Barry BN, Mallick A, Bodenham AR, Vucevic M
Academic Unit of Anaesthesia, The General Infirmary at Leeds, Great George Street, Leeds LS1 3EX, UK.
Crit Care. 1997;1(2):71-74. doi: 10.1186/cc106.
Bolus thermodilution is the standard bedside method of cardiac output measurement in the intensive care unit (ICU). The Baxter Vigilance monitor uses a modified thermodilution pulmonary artery catheter with a thermal filament to give a continuous read-out of cardiac output. This has been shown to correlate very well with both the 'gold standard' dye dilution method and the bolus thermodilution method. Bioimpedance cardiography using the Bomed NCCOM 3 offers a noninvasive means of continuous cardiac output measurement and has been shown to correlate with the bolus thermodilution method. We investigated the agreement between the continuous bioimpedance and continuous thermodilution methods, enabling acquisition of a large number of simultaneous measurements. RESULTS: A total of 2390 paired data points from seven patients were collected. There was no correlation (r2 = 0.01) between the methods. The precision (1.16 l/min/m2) of agreement between the Vigilance and the Bomed, assessed by the Bland-Altam method, was very poor although the bias (-0.16 l/min/m2) appeared fair. CONCLUSIONS: The Bomed NCCOM 3 bioimpedance monitor shows poor agreement with the Baxter Vigilance continuous thermodilution monitor in a group of general ICU patients and cannot be recommended for cardiac output monitoring in this situation.

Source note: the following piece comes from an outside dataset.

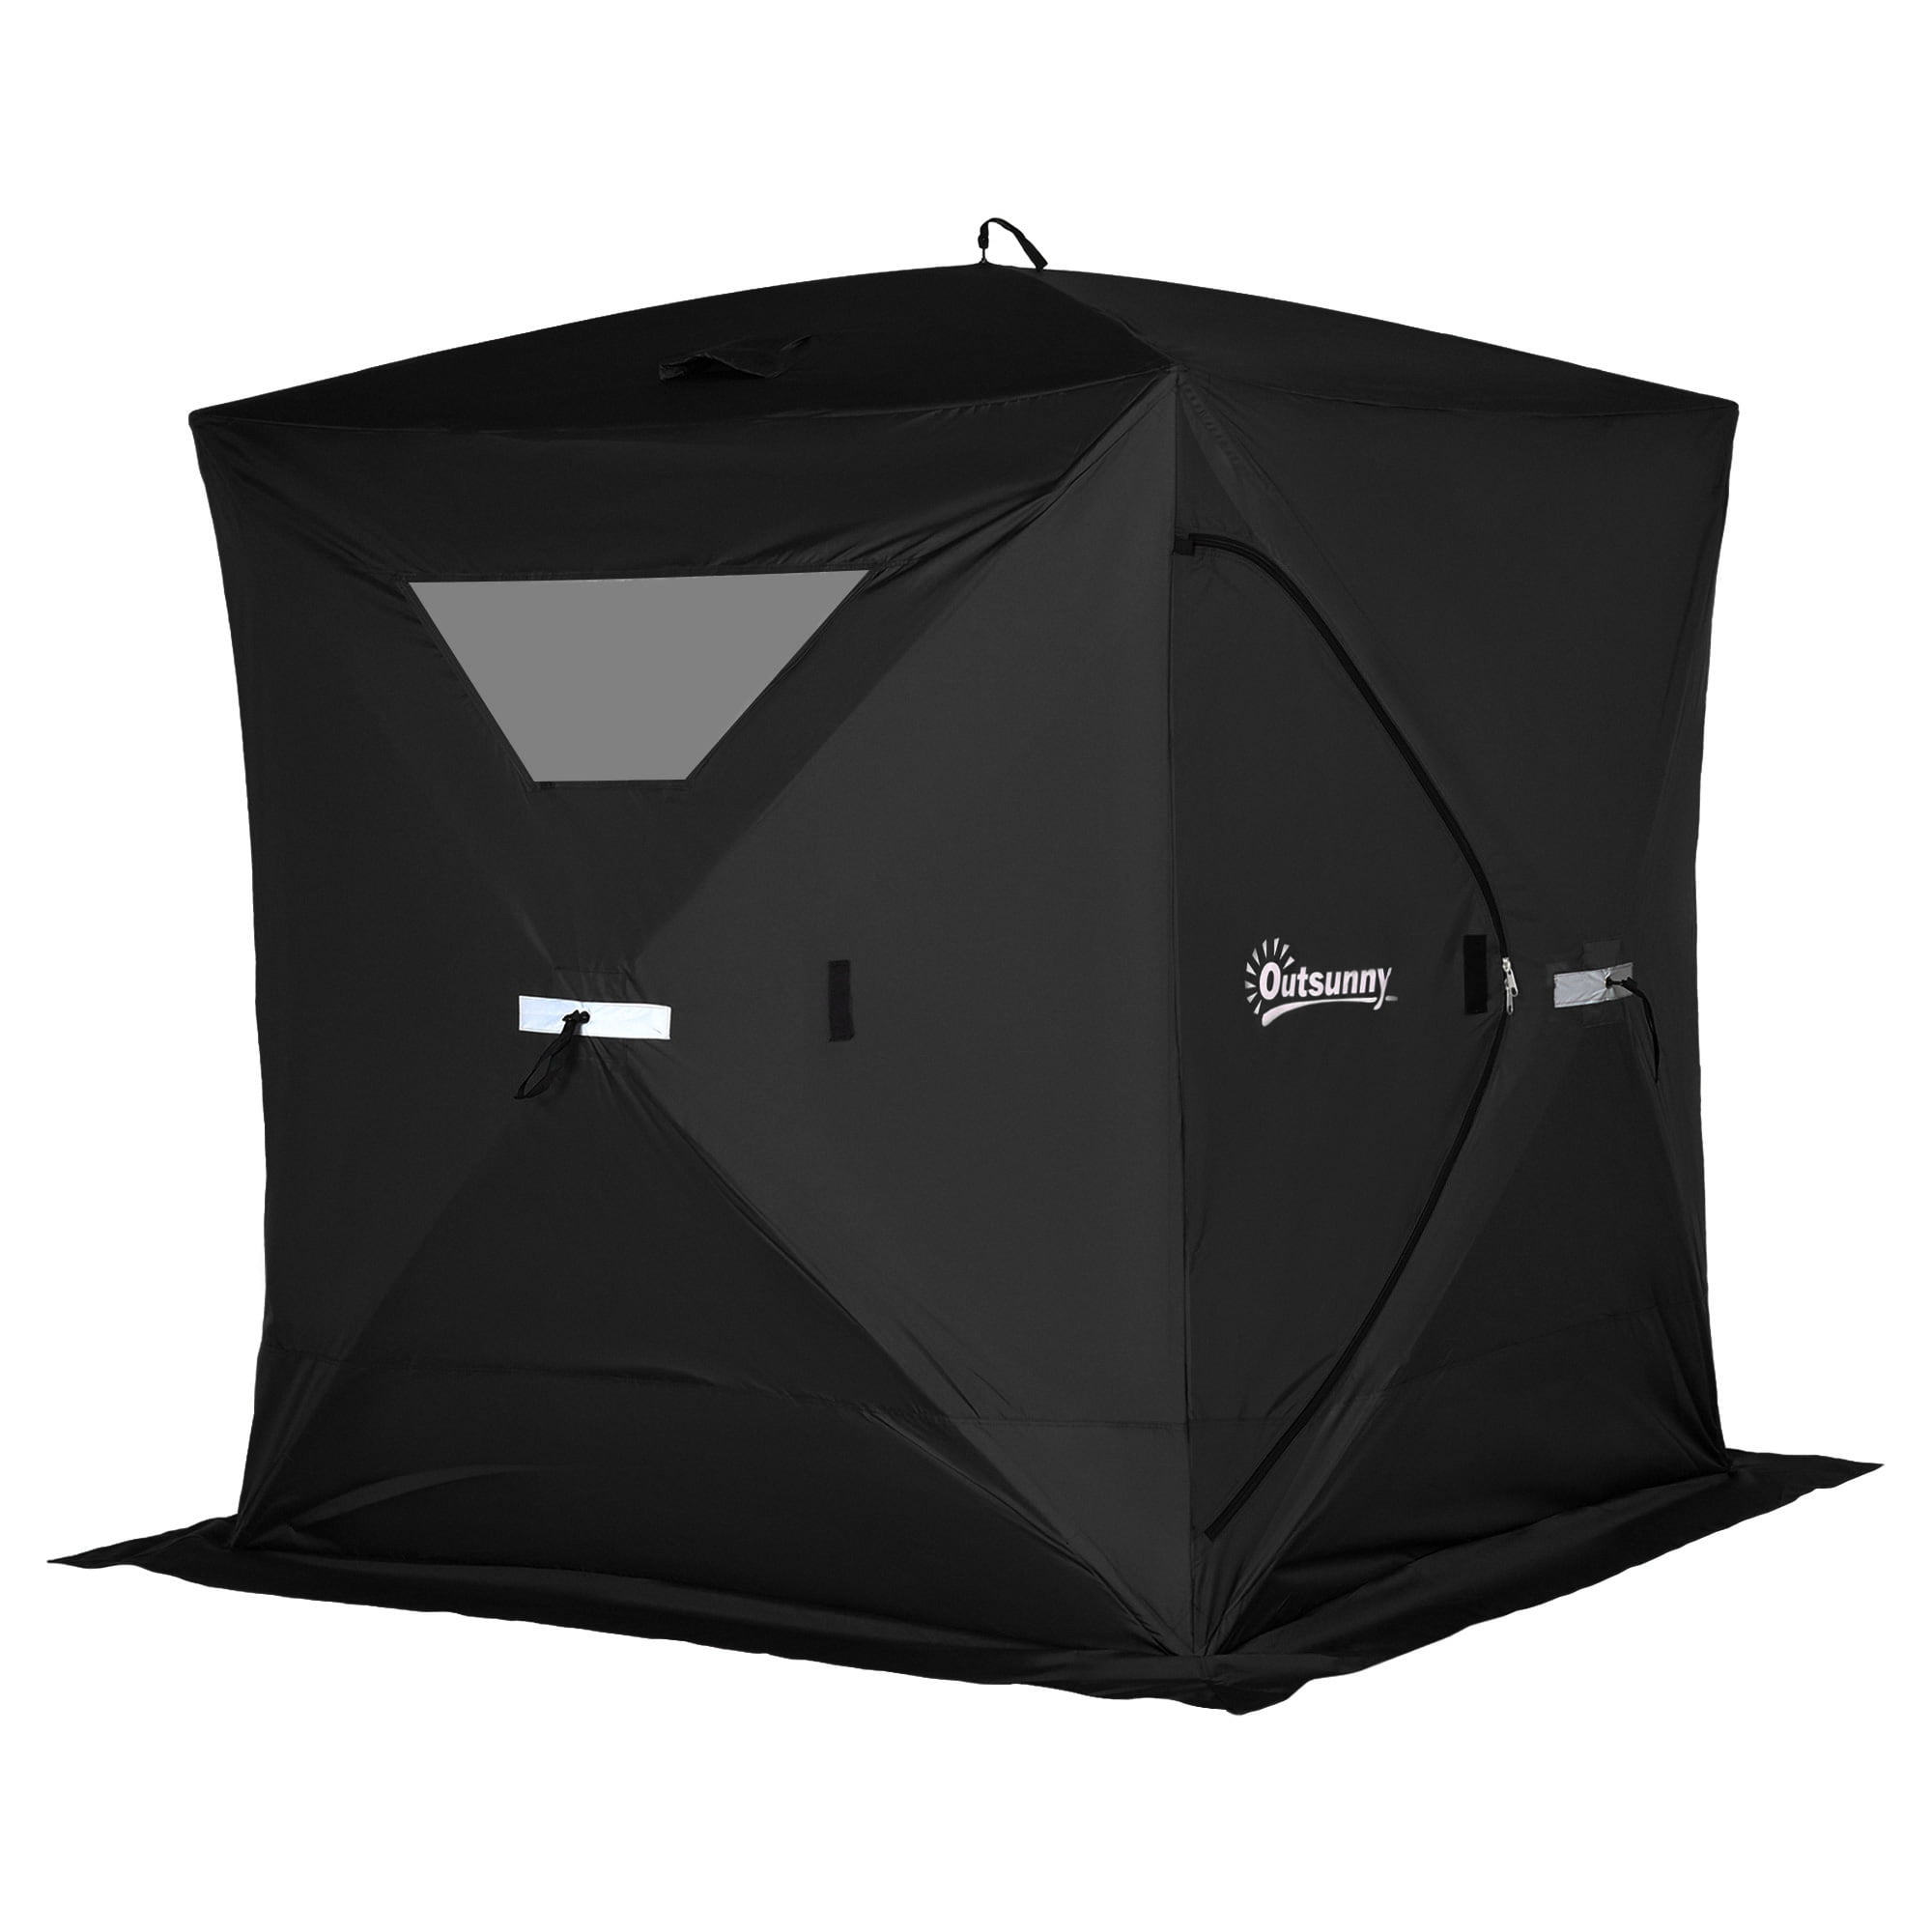 Eskimo QuickFish 2i Portable Insulated Shelter-2 Person

弹丸式热稀释法是重症监护病房(ICU)中心输出量测量的标准床边方法。百特Vigilance监护仪使用带有热丝的改良热稀释肺动脉导管来连续读出心输出量。已证明其与“金标准”染料稀释法和弹丸式热稀释法都具有很好的相关性。使用Bomed NCCOM 3的生物阻抗心动描记法提供了一种无创连续测量心输出量的方法,并且已证明其与弹丸式热稀释法相关。我们研究了连续生物阻抗法和连续热稀释法之间的一致性,从而能够获得大量同步测量数据。结果:共收集了来自7名患者的2390对数据点。两种方法之间无相关性(r2 = 0.01)。通过Bland-Altam方法评估,Vigilance监护仪和Bomed监护仪之间一致性的精密度(1.16升/分钟/平方米)非常差,尽管偏差(-0.16升/分钟/平方米)似乎尚可。结论:在一组普通ICU患者中,Bomed NCCOM 3生物阻抗监护仪与百特Vigilance连续热稀释监护仪的一致性较差,在这种情况下不推荐用于心输出量监测。